### Directions
Pictures excluded, reproduce exactly the lines below from the one with "Image of the" through the one with "[ฤดูร้อน/อาหารทะเล นางิสะไคเซกิ] เพลิดเพลินไปกับฤดูร้อน◆", both included.

Start of Records shown

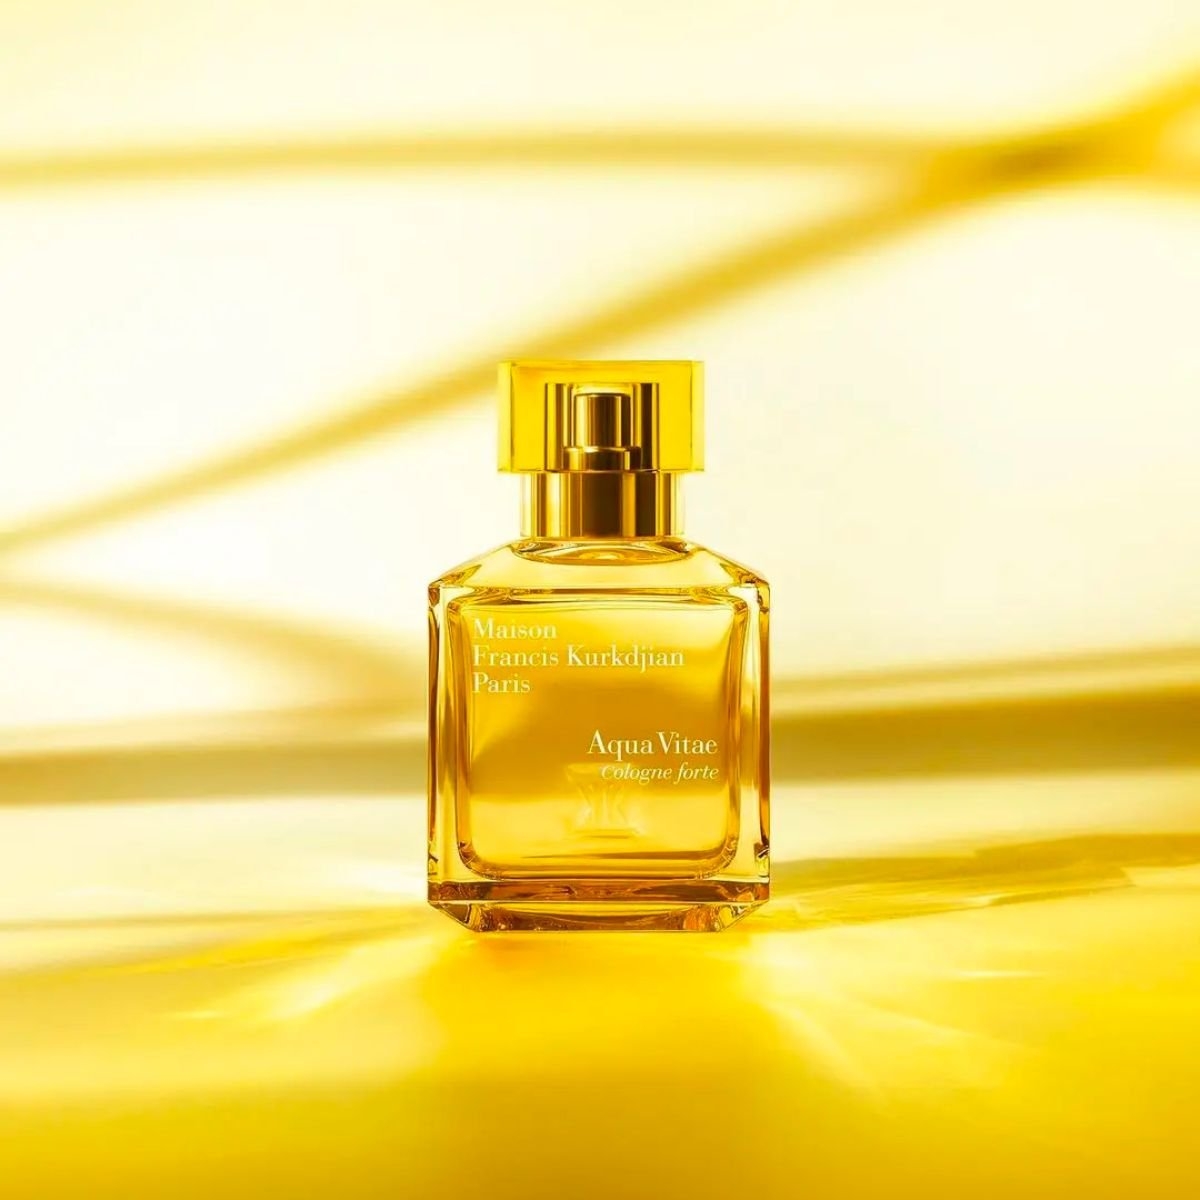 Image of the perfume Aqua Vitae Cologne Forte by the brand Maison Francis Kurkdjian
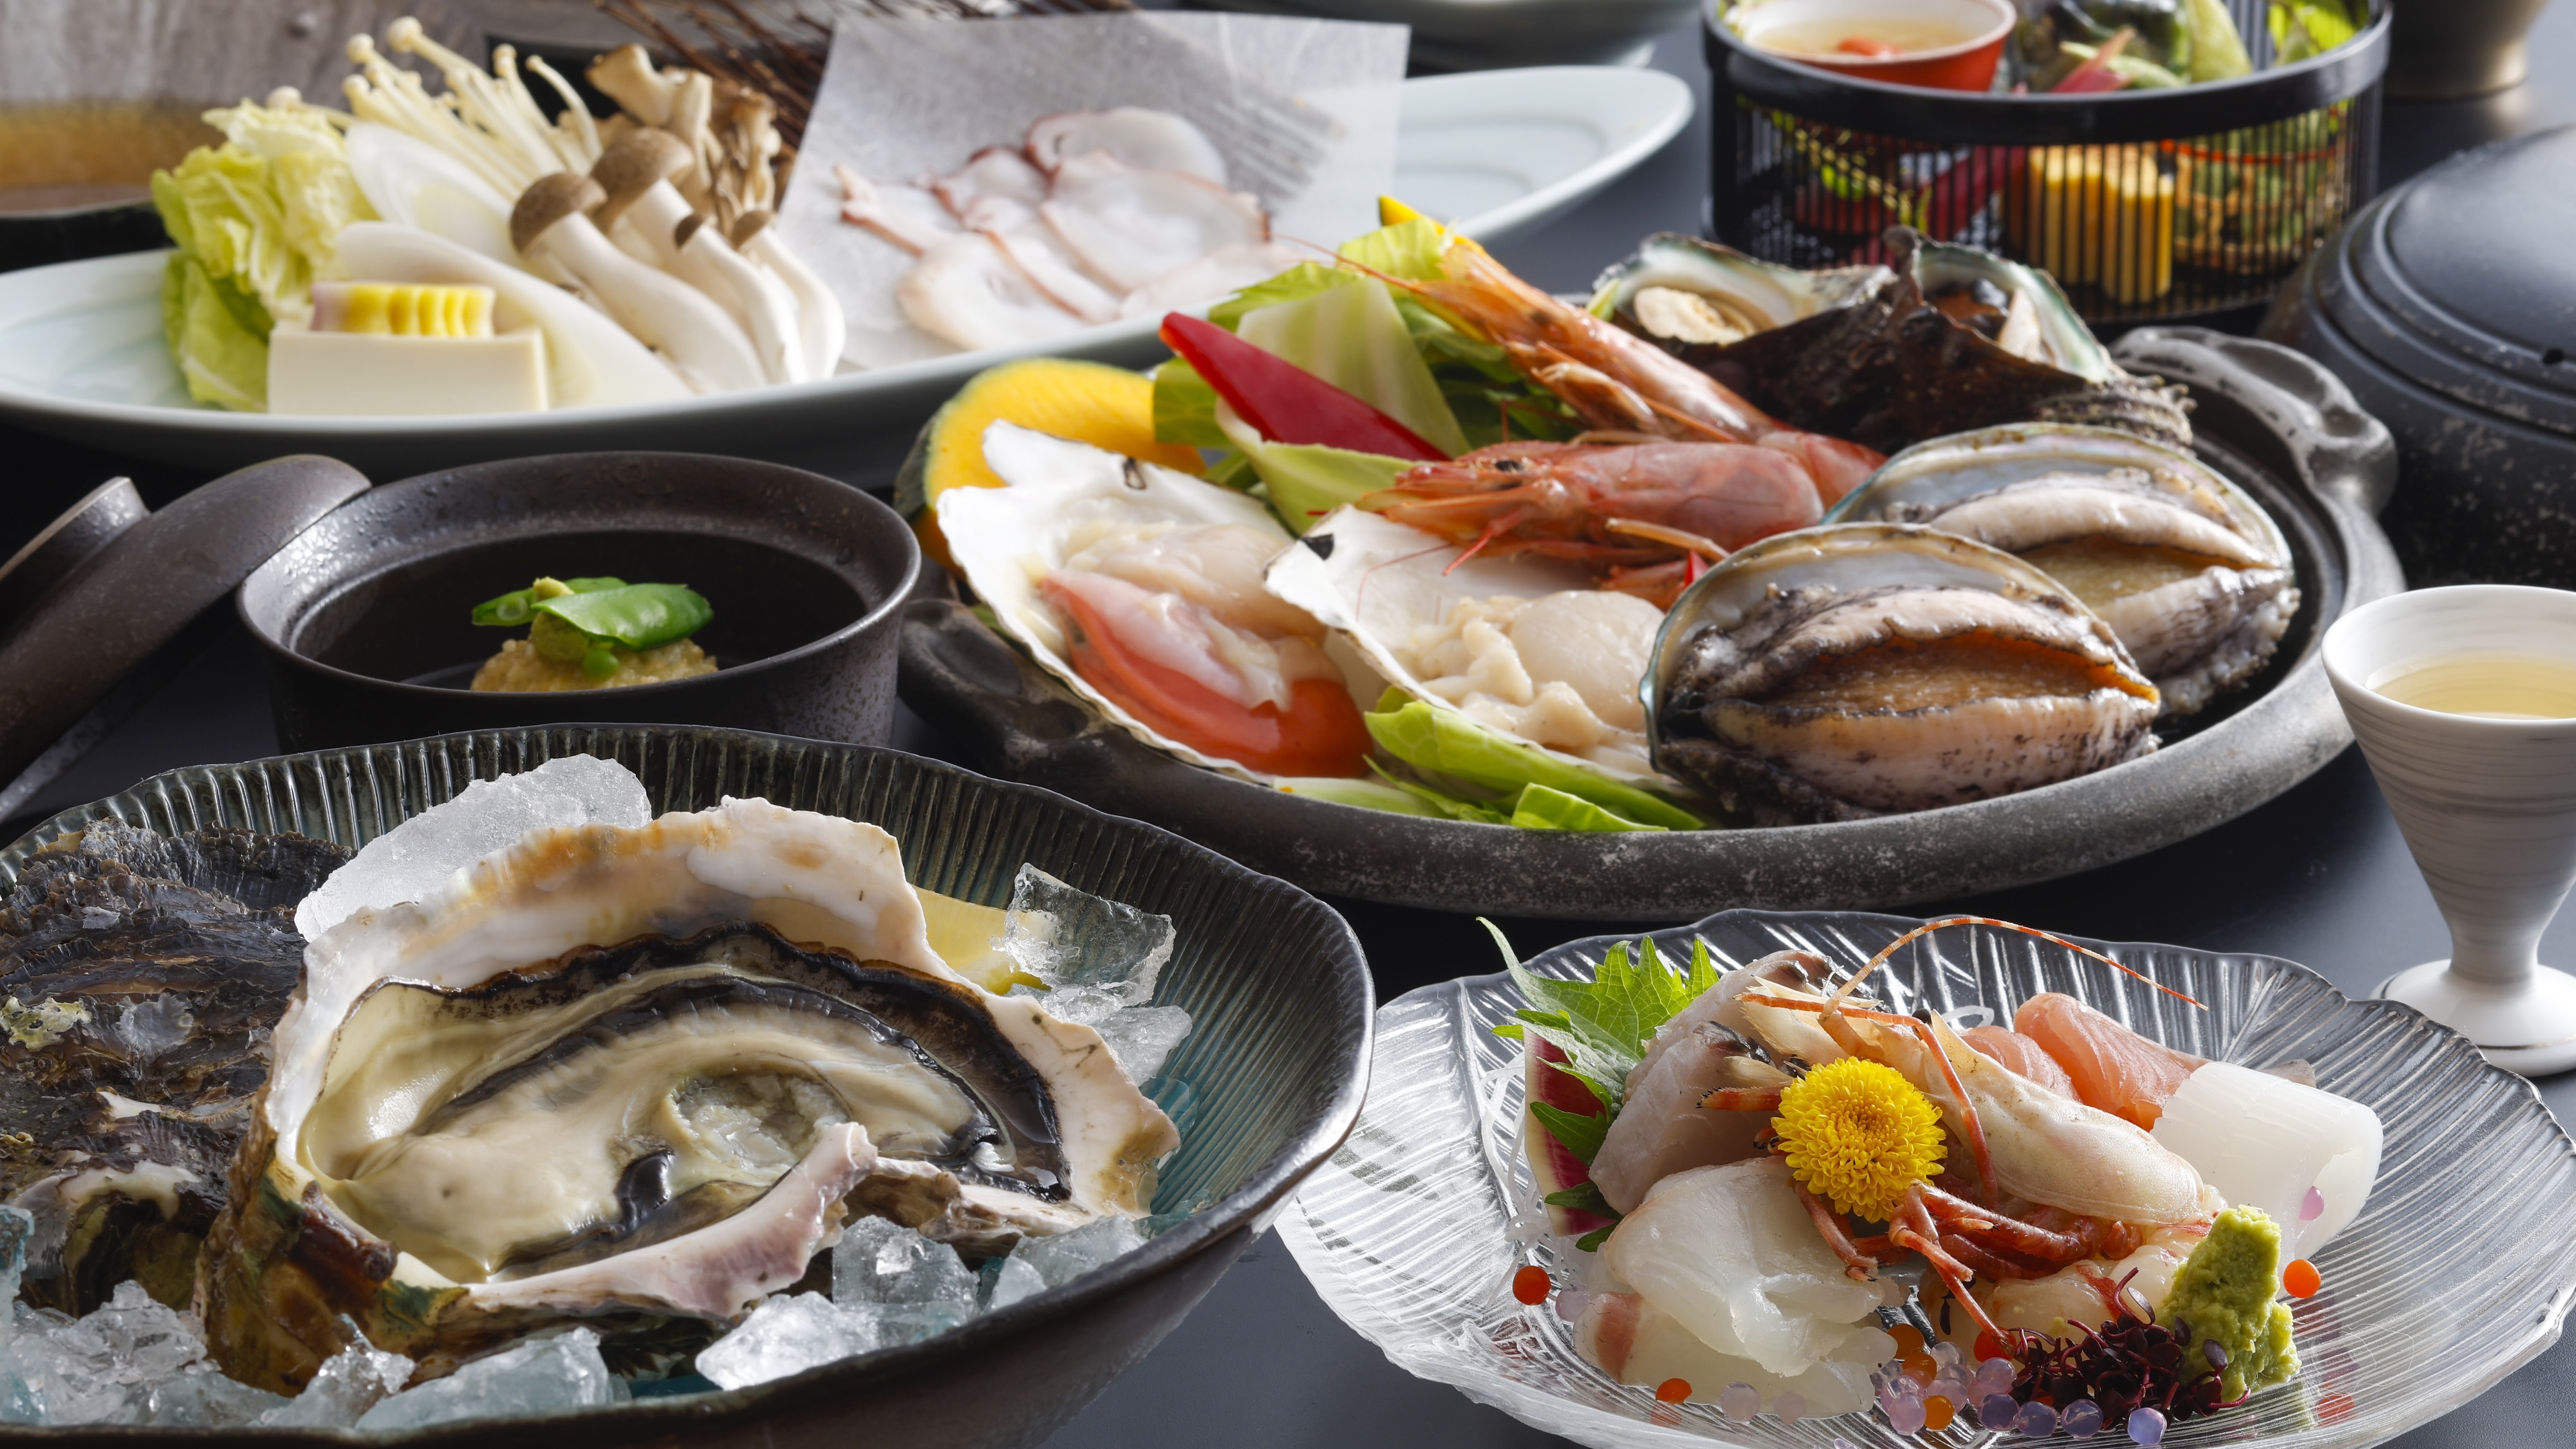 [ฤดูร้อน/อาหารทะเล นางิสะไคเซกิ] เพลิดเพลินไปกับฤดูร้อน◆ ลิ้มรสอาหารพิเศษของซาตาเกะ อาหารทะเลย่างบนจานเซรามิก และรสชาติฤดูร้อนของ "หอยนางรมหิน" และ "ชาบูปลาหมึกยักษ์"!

End of Records shown
Start of Records shown

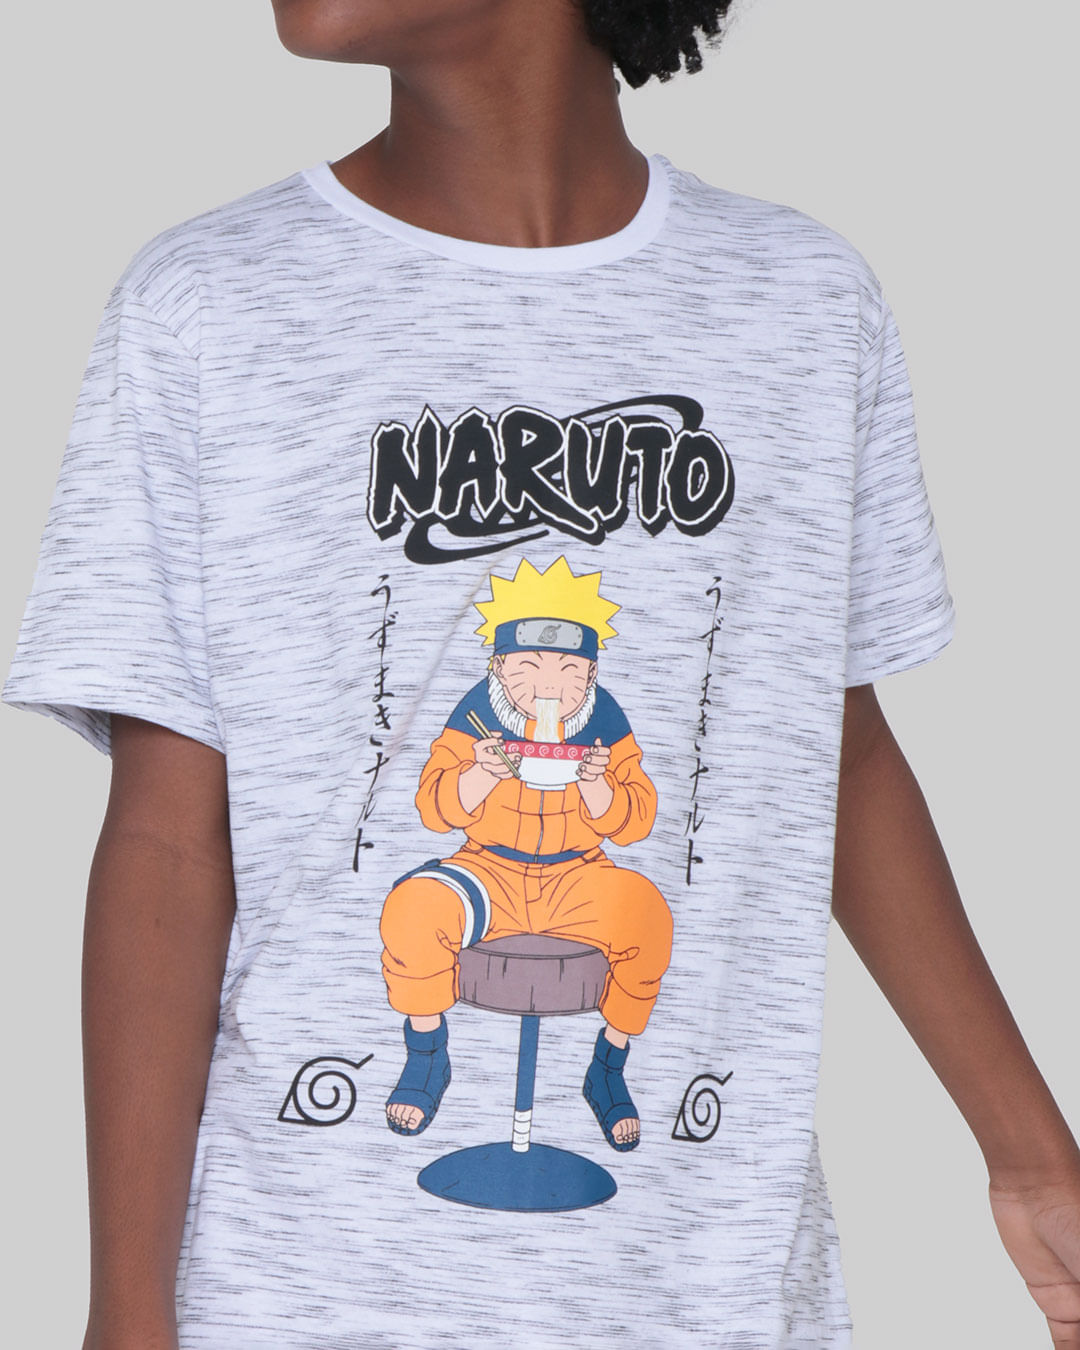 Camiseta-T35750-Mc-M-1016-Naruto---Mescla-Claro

End of Records shown

### Exercise result
 Image of the perfume Aqua Vitae Cologne Forte by the brand Maison Francis Kurkdjian
 [ฤดูร้อน/อาหารทะเล นางิสะไคเซกิ] เพลิดเพลินไปกับฤดูร้อน◆ ลิ้มรสอาหารพิเศษของซาตาเกะ อาหารทะเลย่างบนจานเซรามิก และรสชาติฤดูร้อนของ "หอยนางรมหิน" และ "ชาบูปลาหมึกยักษ์"!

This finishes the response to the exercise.